カムペー

分 類ギリシア・ローマ神話
名 称 Κάμπη 〔kampē〕(カムペー)【古代ギリシア語】
容 姿上半身は女性、下半身からはさまざまな怪物が生えている(詳細は本文)。
特 徴クロノスにタルタロス(奈落)の入り口の番人に任命され、ヘカトンケイル族やキュクロープス族を幽閉していた。ゼウスに退治された。
出 典アポッロドーロス『ビブリオテーケー』(1~2世紀頃)、ノンノス『ディオニューソス譚』(5世紀)など

奈落の入口を守護するおぞましい怪物!?

カムペーはギリシア・ローマ神話に登場する怪物である。

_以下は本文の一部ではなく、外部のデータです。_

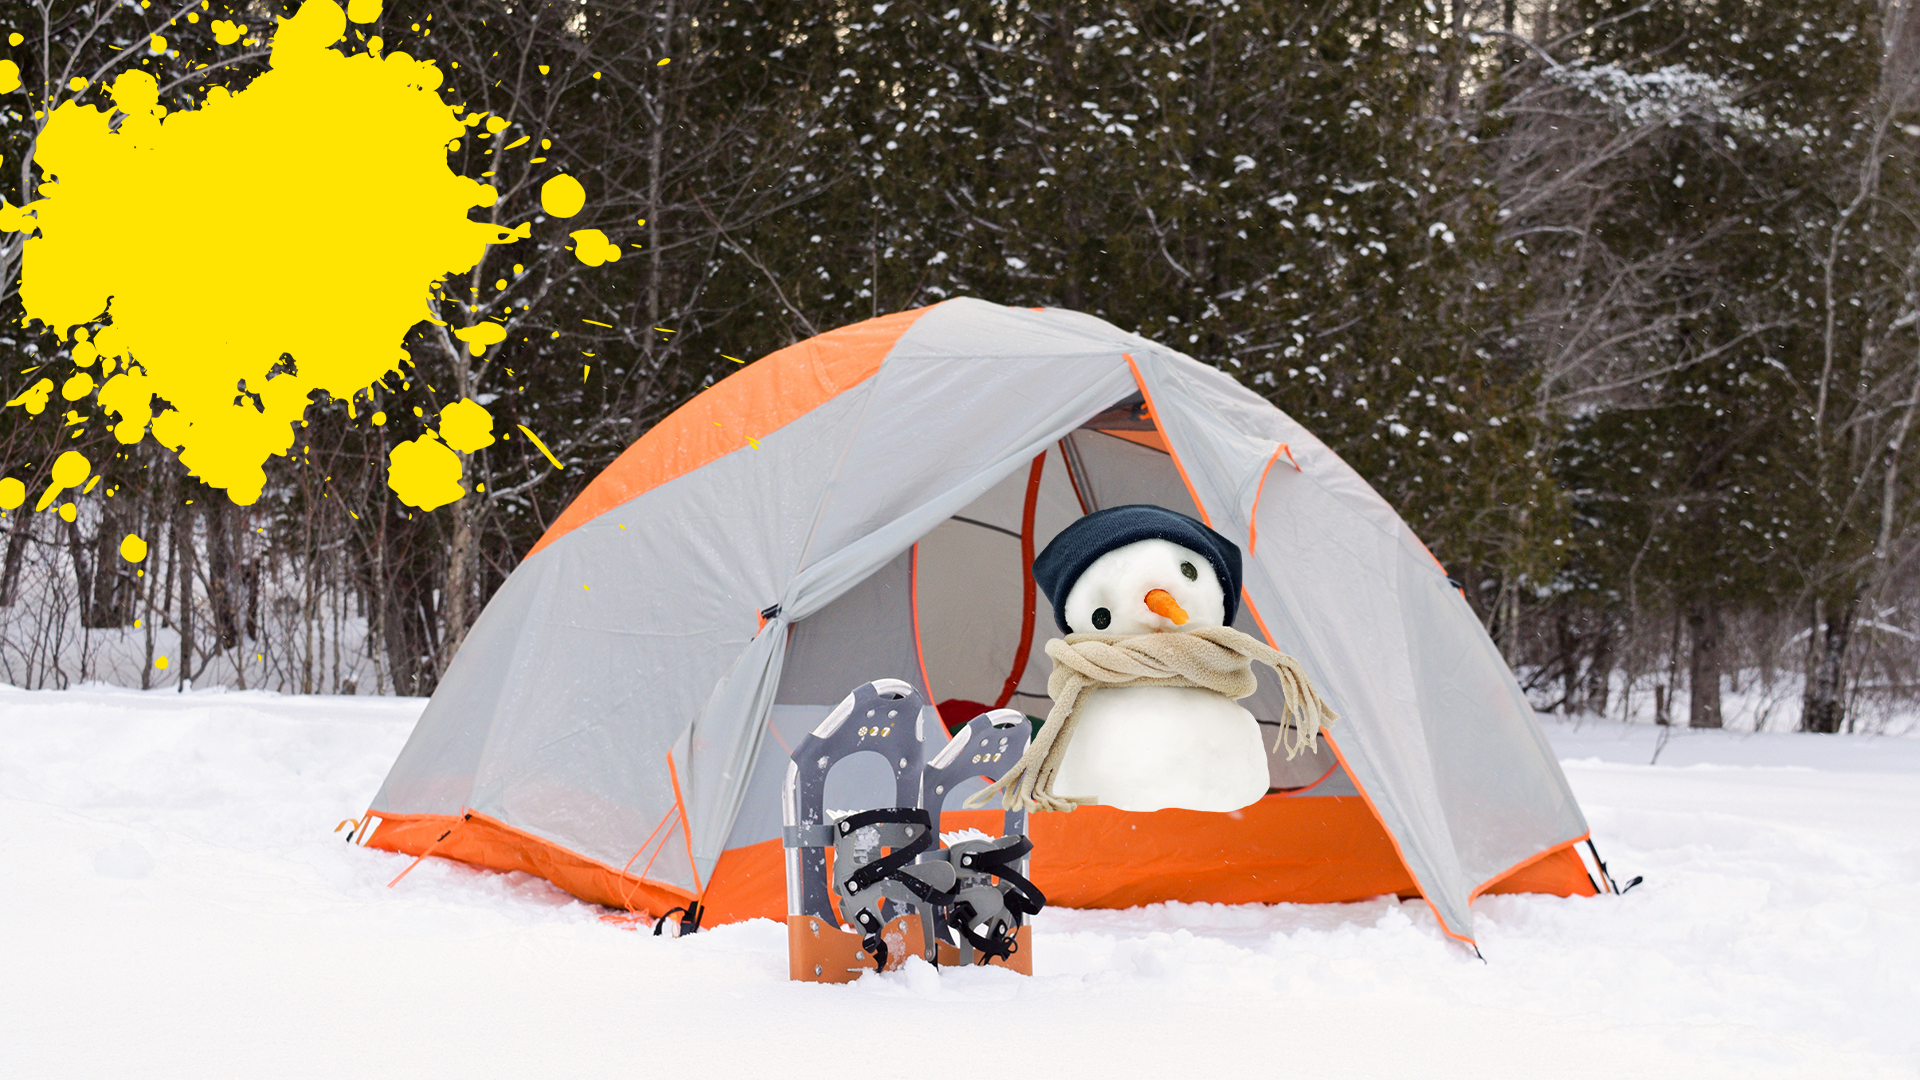 Snowman in tent in snowy woods with yellow splat

ゼウスの父クロノスは、厄介な兄弟たちであるヘカトンケイル族(百腕巨人)、キュクロープス族(一眼巨人)をタルタロス(奈落)に幽閉し、その門番としてカムペーを置いた。ゼウスはクロノス率いるティーターン族との戦いを開始したが、10年戦っても勝敗は決しなかった。ゼウスは、大地の女神ガイアから、タルタロスに幽閉されているヘカトンケイル族とキュクロープス族を味方につければ勝利できると教えられ、カムペーを殺して彼らを解放した。彼らの助力を得て、ゼウスはティーターン族を降し、神々の王となった。

アポッロドーロスの『ビブリオテーケー』ではあっという間に退治されてしまうカムペーだが、その姿について、ノンノスが『ディオニューソス譚』で詳細に描写している。あまりにおぞましい姿が強調されていて、実のところ、不明瞭でよく分からない。要約すると、上半身は女性で、胸元から太腿にかけては鱗のついた海の怪物で、足は無数に分かれてうねうねと曲がりくねったヘビで毒の息を吐き、彼女の首回りからは50もの獣の頭が突き出していて、背中にはサソリの尾が突き出し、彼女の頭髪からは無数のヘビが生えていて毒の息を吐いている。身体から塩水を撒き散らし、1対の真っ黒い翼からは強風を吐き出す。鎌のような鋭く長い爪をはやし、目からは炎が飛び出す。何でもありのおそろしい姿である。ゼウスに雷霆で撃たれて倒されたと説明されている。